A recent study presented at the annual meeting of the American Neurological Association suggests that a Mediterranean-like diet may protect against Alzheimer’s disease, as well as offer heart-protective benefits.
A typically healthy diet including foods such as cruciferous and green leafy vegetables, omega-3 rich oily fish, nuts and tomatoes, which is also low in high-fat dairy, red meat, offal and butter, is thought to offer a range of nutrients which together lower the risk of Alzheimer’s disease. The strength of this study is its holistic view of the diet as a whole, whereas most studies that look into the link between diet and mental health focus on the role of isolated nutrients and often ignore the complexity of diet and lifestyle patterns.
According to nutrition scientist Dr Nina Bailey, “This study usefully looks at overall diet quality, and gives us a blueprint for us to aim for. It’s unrealistic to put forward one single nutrient as a cure-all, and at Igennus we always emphasise the role of the diet as a whole in achieving and maintaining good health, while offering purified omega-3 EPA supplements to top up the diet, when it’s not possible to achieve clinical doses by way of eating fish alone.”
The research looked at the dietary patterns of 1691 people aged 65 and older, none of whom had signs of dementia when they began the study. Participants completed detailed questionnaires relating to the types of foods they ate in the previous year.
The researchers then assessed various foods in the lab to determine which foods were rich in nutrients such as omega-3 fatty acids and vitamin E – foods which have previously been strongly linked to lower disease risk – and which were also low in nutrients which have been linked to greater risk of Alzheimer’s disease, including saturated fatty acids.

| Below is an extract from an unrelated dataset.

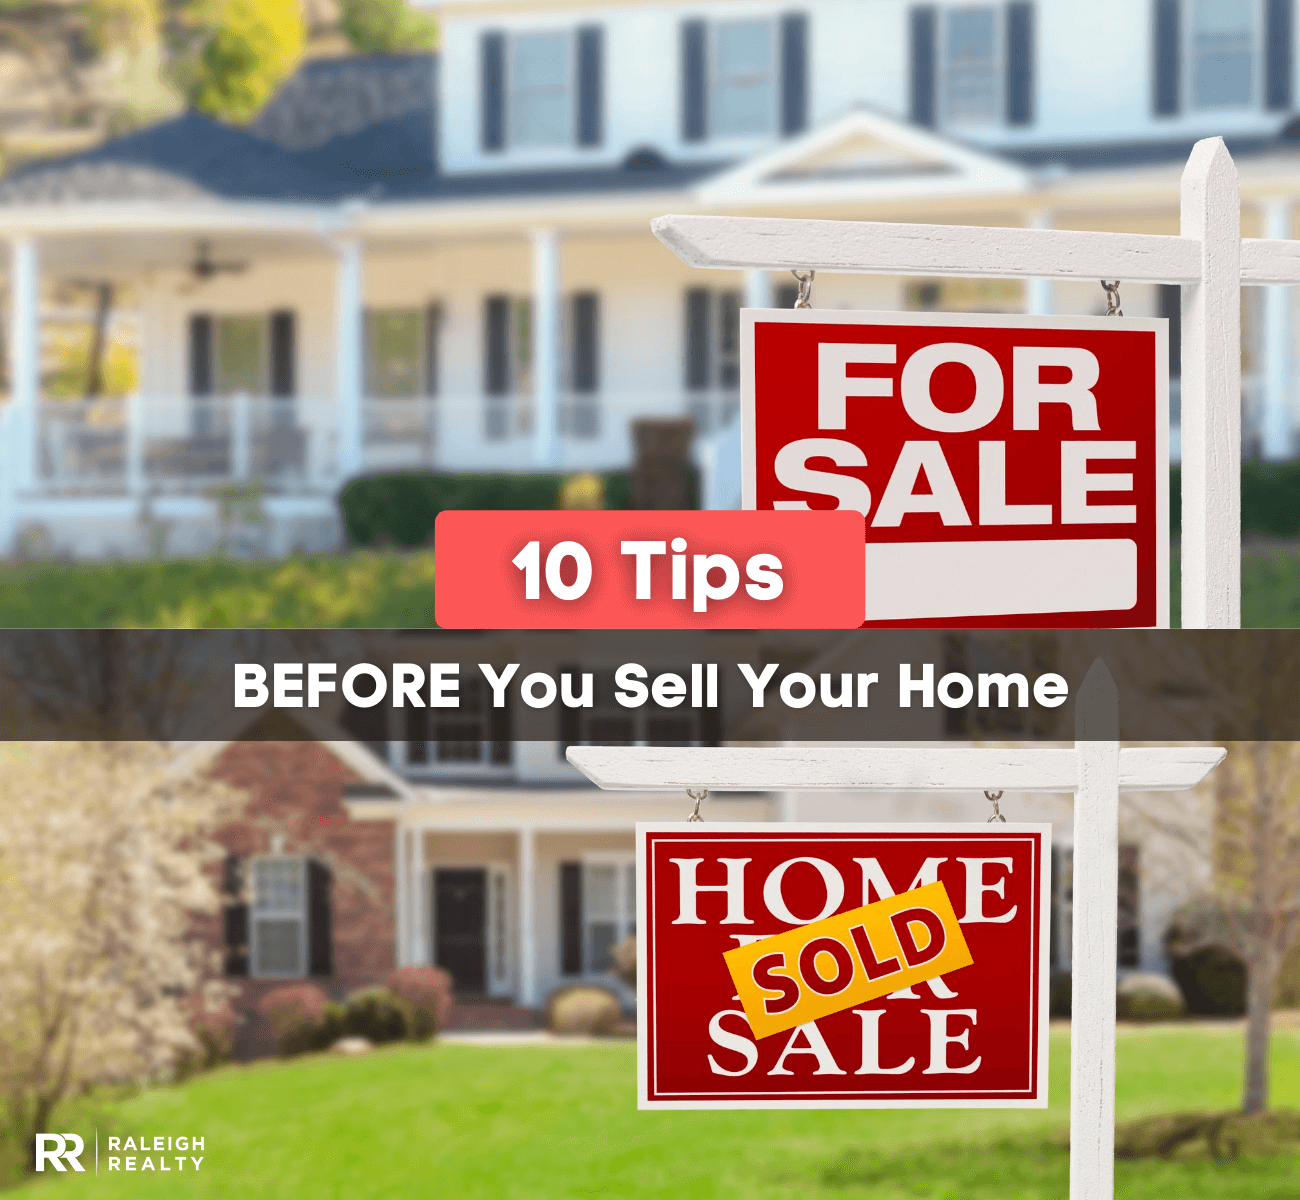 How To Buy A House Before You Sell Yours 10 Real Estate Tips BEFORE You Sell Your Home

Based on these nutrient values, it became apparent that a protective dietary pattern was characterised by a diet which resembled the typical Mediterranean diet. Participants were divided into three groups based on how well they adhered to such a diet in the previous year. Over the next four years, 211 people were diagnosed with Alzheimer’s disease, with those in the top third 38% less likely to develop the disease than those in the lowest third.
The study took into account a variety of factors which could also lower disease risk, including exercise, age, smoking, BMI and daily calorie consumption. Encouragingly, these results add further weight to the reasons for following a healthy diet, which we at Igennus Healthcare fully endorse.